Bütün bunların FETÖ taktiği olduğunu söyleyen Erdoğan, konuşmasını şöyle sürdürdü: "Gerçi söylediği her şeyi inkar etme, yaptığı her işten çark etme konusunda bu şahsın eline su dökecek kimse zor bulunur. Bunda yalan gani. Kendisi genel başkanlık koltuğuna da FETÖ kumpası olduğunu herkesin bildiği bir kaset operasyonuyla oturtulmamış mıydı? O gün Baykal'ı ziyaretten çıkarken, gazeteciler sordu. 'Aday olacak mısınız', dedi. 'Hayır, böyle bir düşüncem yok' dedi. Ertesi gün baktık ki adaylığını açıkladı. Niye? Yalan; ama unutmayın yalancının mumu... O kadar çok yalan söyledi, söylediği o kadar çok sözü yuttu, o kadar çok hezimete uğradı ki biz kendisini takip edemez hale geldik. Mümkün değil? Ne derseniz deyin, 'yağmur yağıyor' havasında kendisine dikte edilenleri yapmaya devam ediyor. Bu zatın kendisinin ve partisinin ne yaptığı bizi ilgilendirmez; ama mesele, ülke ve millet meselesi olduğunda hiç kusura bakmasın. Sessiz kalmayız, kimsenin gözünün yaşına bakmayız. Türkiye'yi kuşatma, Türkiye'yi işgal operasyonlarına nefer yazılan herkes, bu ülkenin de bu milletin de defterinden silinir. Hiçbir siyasi veya bireysel çıkar, böyle bir ihaneti mazur gösteremez."

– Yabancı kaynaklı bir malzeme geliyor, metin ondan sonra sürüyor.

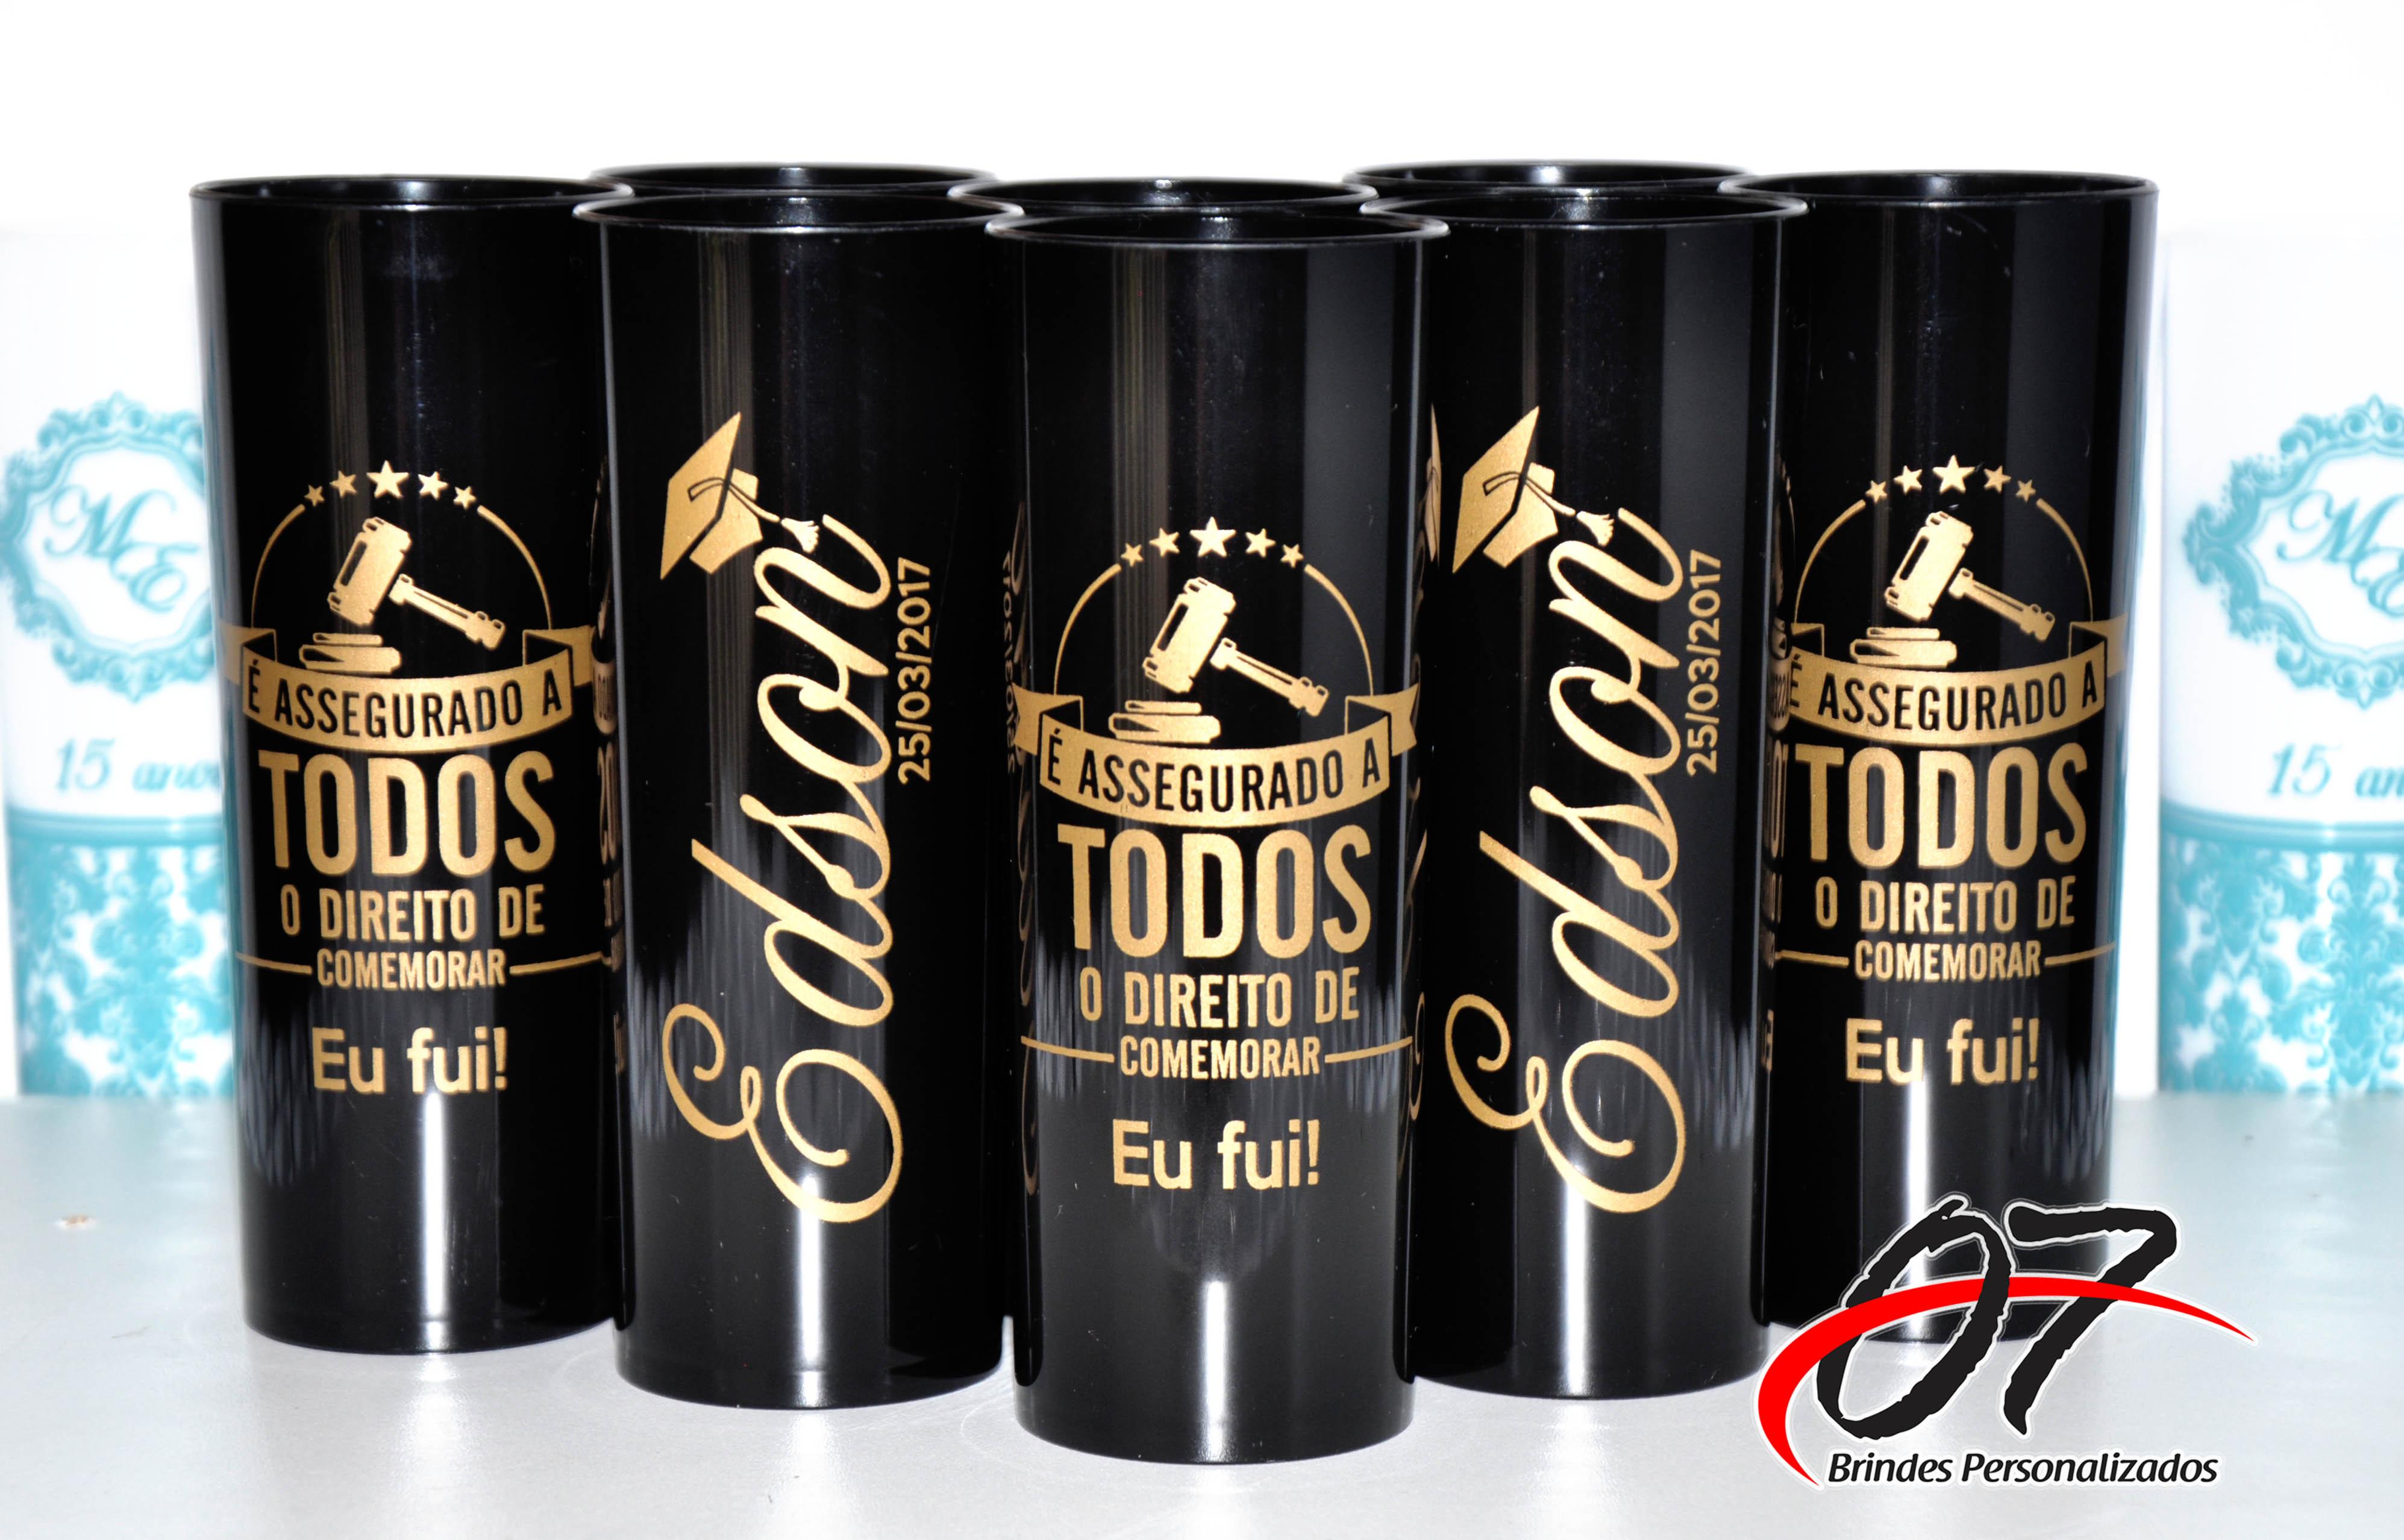 Adesivo De Chão Personalizado Sp ~ Formatura Copo Personalizado, Long Drink 07 Brindes Personalizados Elo7
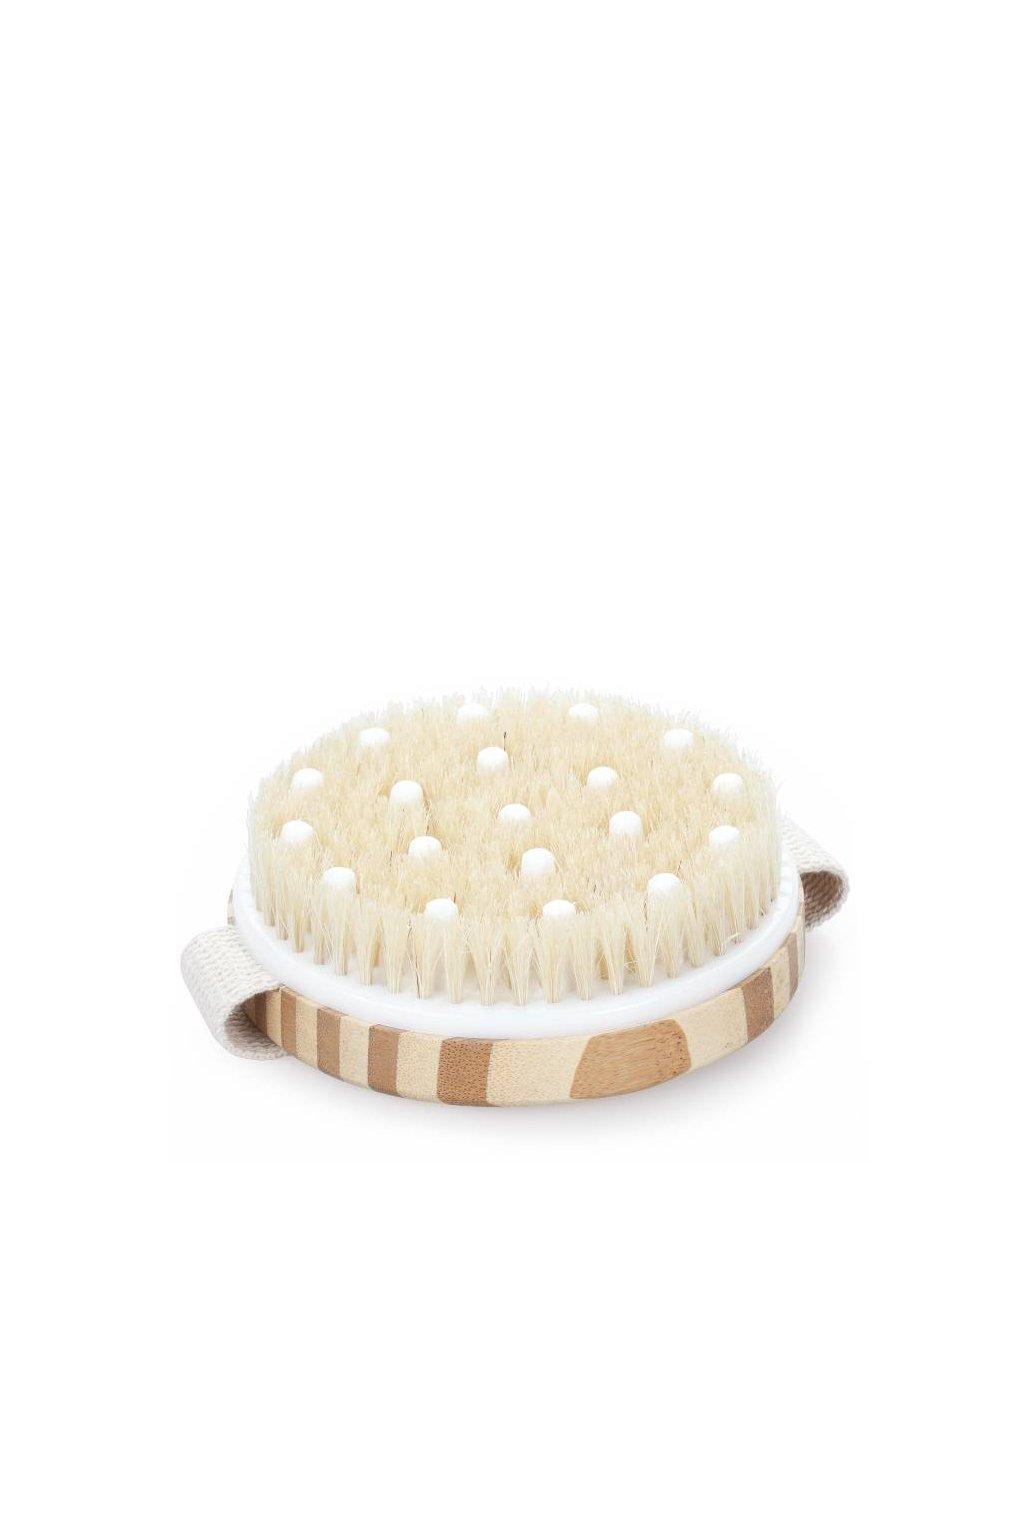 7922 spa beauty masazni kartac do ruky kulaty dreveny stetiny a masazni trny pro suche i mokre kartacovani

'FETÖ'CÜLER BİLE BU KADARINA CESARET EDEMİYOR'

CHP Antalya Milletvekili Mustafa Akaydın'ın 15 Temmuz'la ilgili söylemlerine de değinen Erdoğan, "Genel Başkanı böyle yapınca milletvekili durur mu? Ana muhalefetin Antalya milletvekili, aynı zamanda geçen dönem şehrin üzerine bir kabus gibi çöken eski belediye başkanı olan kişi, 15 Temmuz'la ilgili öyle laflar söylüyor ki FETÖ'cülerin kendileri bile bu kadarına cesaret edemiyor. Peki, ana muhalefetin başındaki zatın ve onu takip eden Antalya milletvekilinin ülkelerine attıkları iftiraların zararını en çok kim görüyor? Tabii ki Antalya görüyor. Önümüzdeki seçimde bunları silip, atmaya hazır mıyız? Burası, ülkemizde turizmin lokomotifi olan bir şehir. Kendi ülkesini karalayan, yatırımcılara ve turistlere adeta 'Ne olur, Türkiye'ye gelmeyin. Antalya'ya gelmeyin' diye yalvaran bu zihniyete hak ettiği cevabı da inşallah Antalya'nın vermesi gerekiyor. Antalya'daki esnaf kardeşimin, turizmci kardeşimin, çiftçi kardeşimin ekmeğine kan doğramaya kimsenin hakkı yoktur. Ana muhalefetin başındaki zata ve onun izinden giden milletvekiline buraya oy için geldiklerinde Antalyalılar'ın, ülkelerine attıkları iftiraların, kendilerine verdikleri zararın hesabını soracaklarına inanıyorum" diye konuştu.

KUZEY KORE KRİZİ

Kuzey Kore'nin merkezinde bulunduğu krizle ilgili endişeleri ifade ettiklerini, nükleer bir savaşın taraflarla birlikte tüm dünya için telafisi mümkün olmayan bir felaket olacağını belirten Erdoğan, "Japonya ve Güney Kore gibi yakın dostlarımızı tedirgin eden bu gerilimin silahlar ve füzeler ateşlenmeden sona erdirilmesini diliyoruz. Gerek ülkemizin içinden geçtiği süreç gerek dünyada yaşanan gelişmeler, Türkiye'nin mutlaka güçlü olması gerektiğini gösteriyor. Güçlü olmanın yolu da imkanlarımızı ve potansiyelimizi en doğru şekilde kullanmaktan geçiyor. 2019 seçimleri, bu bakımdan ülkemizin geleceğinde belirleyici bir dönüm noktası olacaktır" dedi.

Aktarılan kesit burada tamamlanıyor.